Chroniques subversives d'un scientifique engagé. Le fil du puzzle.

Chroniques subversives d’un scientifique engagé. Le fil du puzzle.

          J’ai rencontré Luiz Pereira da Silva au début des années 1980. Il était alors membre d’une commission scientifique spécialisée de l’lnstitut national de la santé et de la recherche médicale (INSERM), j’en étais le président. Biologiste moléculaire et parasitologue à l’Institut Pasteur, il dirigeait l’une des équipes de François Jacob et avait travaillé avec André Lwoff, tous deux lauréats avec jacques Monod du Prix Nobel de médecine en 1965. Luiz m’est apparu à cette époque être un scientifique exigeant et humaniste, nous sommes restés amis mais nos parcours différents et son retour au Brésil en 1997 ne nous ont pas rapprochés, au point que j’apprenne de son histoire et de son parcours ce qu’en rapporte cet ouvrage autobiographique. Pourtant, lorsque Luiz me demanda en 2013 d’accepter d’en préfacer la version française, l’idée ne me vint pas un seul instant de refuser. J’avais en effet pour cet homme estime et admiration. Il ne pourra hélas l’éprouver à travers la lecture de cette préface puisqu’il nous a quittés avant que j’aie pu lui faire parvenir.

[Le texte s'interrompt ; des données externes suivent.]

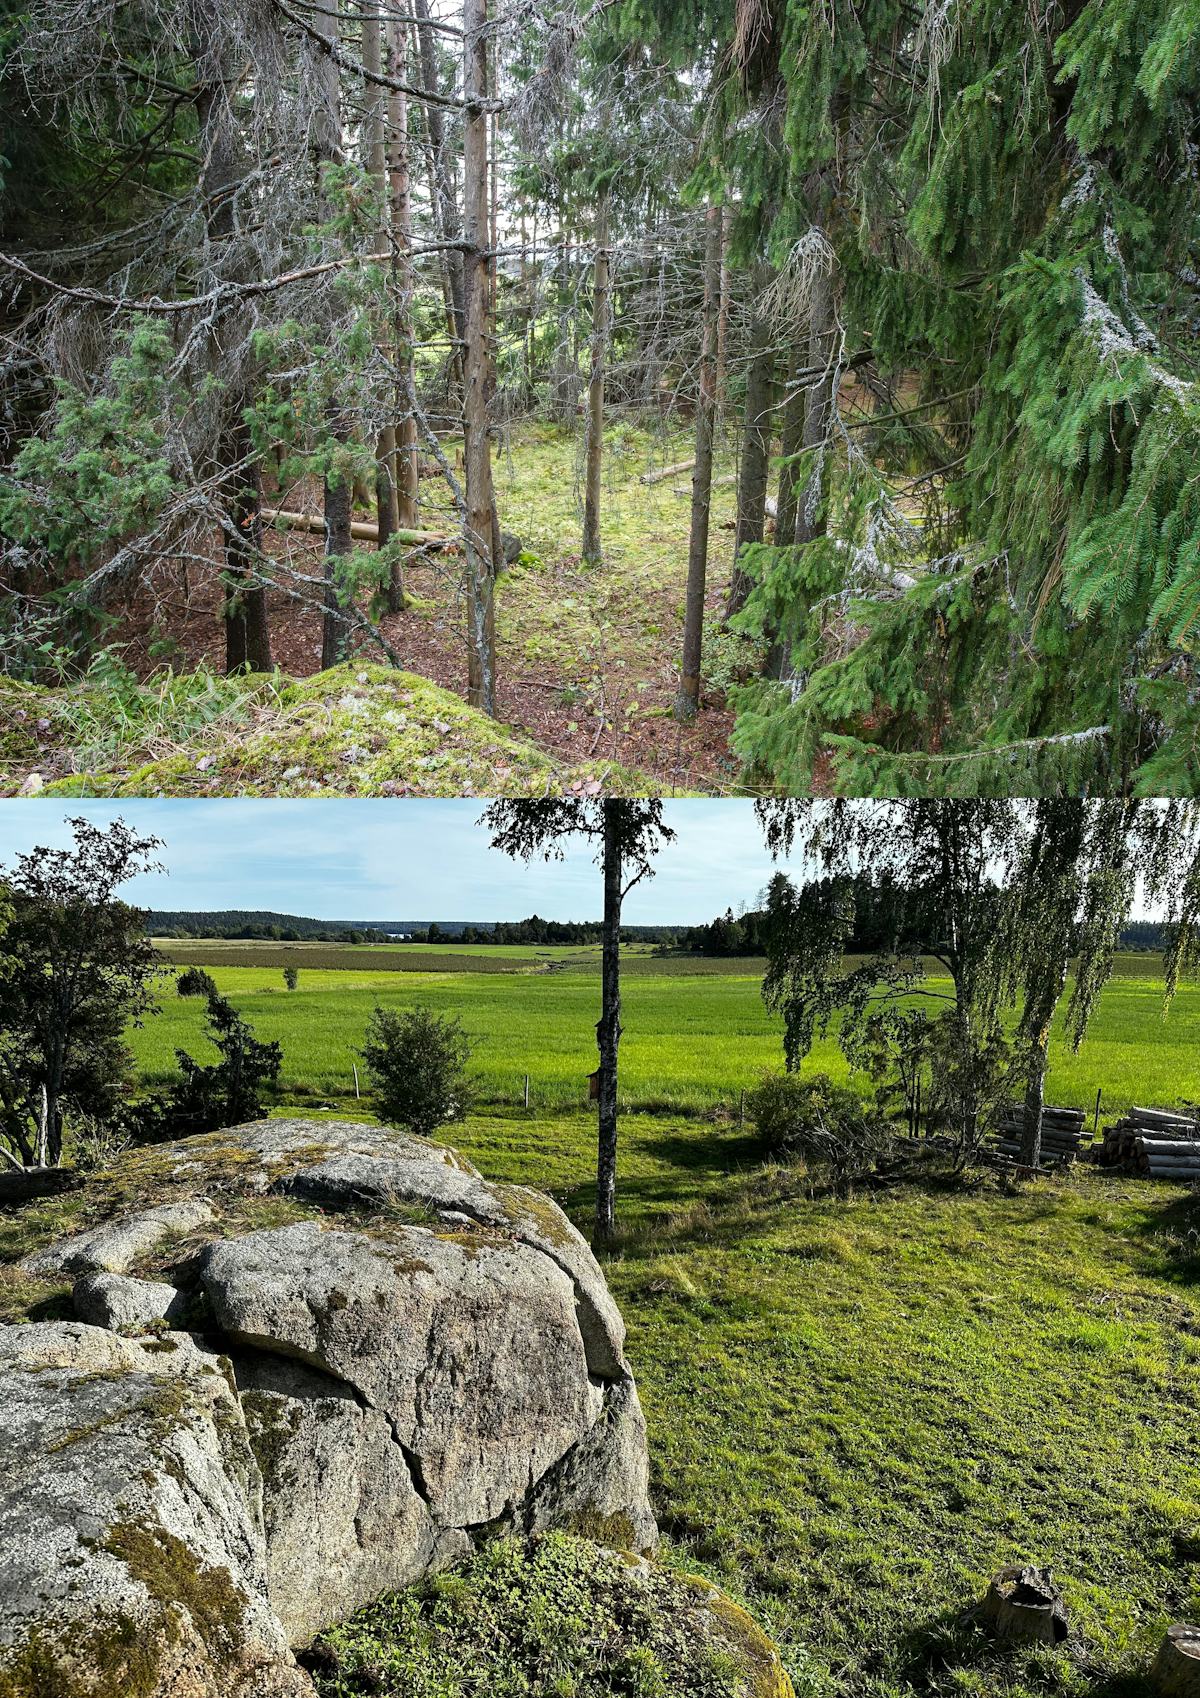 Ett collage av två utomhusscener: den översta bilden visar en tät vintergrön skogsstig och den nedersta bilden visar ett öppet gräslandskap med ett stenblock och träd i förgrunden.

          «Le fil du puzzle » se présente un peu comme un tableau du peintre Seurat. Il se compose d’une série de récits de couleurs vives dont la superposition fait apparaître un personnage, son époque et son idéal. Ou bien d’un puzzle dont la signification, le fil ne seraient perçus clairement qu’après la mise en place de toutes les pièces découpées d’une vie. Depuis le Nordeste brésilien d’où est originaire sa trisaïeule et où il débutera sa carrière de parasitologue, jusqu’à São Paulo, Rio de Janeiro, Paris, puis l”Amazonie, nous suivons l’itinéraire d’un homme de progrès, celui qui doit découler de la science, de la médecine et du combat en faveur d’un monde rêvé plus juste. Luiz Pereira da Silva n’accepte pas les demi-mesures, il est totalement dans la science, dans le combat communiste, dans l’aide aux populations. Luiz se désole d’appartenir à une espèce en voie de disparition, celle de l’intellectuel, du scientifique engagé. Il a raison. Des communistes, il n’en existe plus guère. Les chercheurs limitent le plus souvent aujourd’hui leur action à leudomaine d’investigation, à la recherche de crédits et à la compétition avec leurs pairs du monde entier. On les retrouve parfois associés aux centres de pouvoirs publics et privés. Le domaine humanitaire est devenu un métier en soi, en général déconnecté de toute vision sociale et politique d’ensemble.

          Compte tenu de la triple dimension de l’auteur, scientifique, médicale et politique, son livre se lit à plusieurs niveaux. Il est :

         – un témoignage socio-ethnologique sur les populations pauvres du Brésil, leurs maux et leurs coutumes, les inégalités, la persistance de la logique latífundiaire ;

           – un reportage sur la recherche de pointe à Paris, au plus près de pères fondateurs de la biologie moléculaire moderne récompensés par le Nobel. Les plus illustres savants du monde entier défilent alors à l’Institut Pasteur, contribuant à y instaurer une exceptionnelle atmosphère d’émulation intellectuelle dont il existait à l’époque peu d’exemples ailleurs dans le monde ;

         – une tranche de l’histoire brésilienne contemporaine confrontée à la longue dictature militaire entre 1964 et 1985. L’exil en France de l’auteur lui permet de faire la brillante carrière pasteurienne que l’on sait. Cependant, il ne perd jamais son pays de vue et nous l’accompagnons au cœur du milieu vibrant, remuant et attachant des réfugiés politiques du Brésil et autres pays d’Amérique du sud qui pensent « la société d’après ›› au cours d’interminables réunions dans des hauts lieux du monde intellectuel parisien.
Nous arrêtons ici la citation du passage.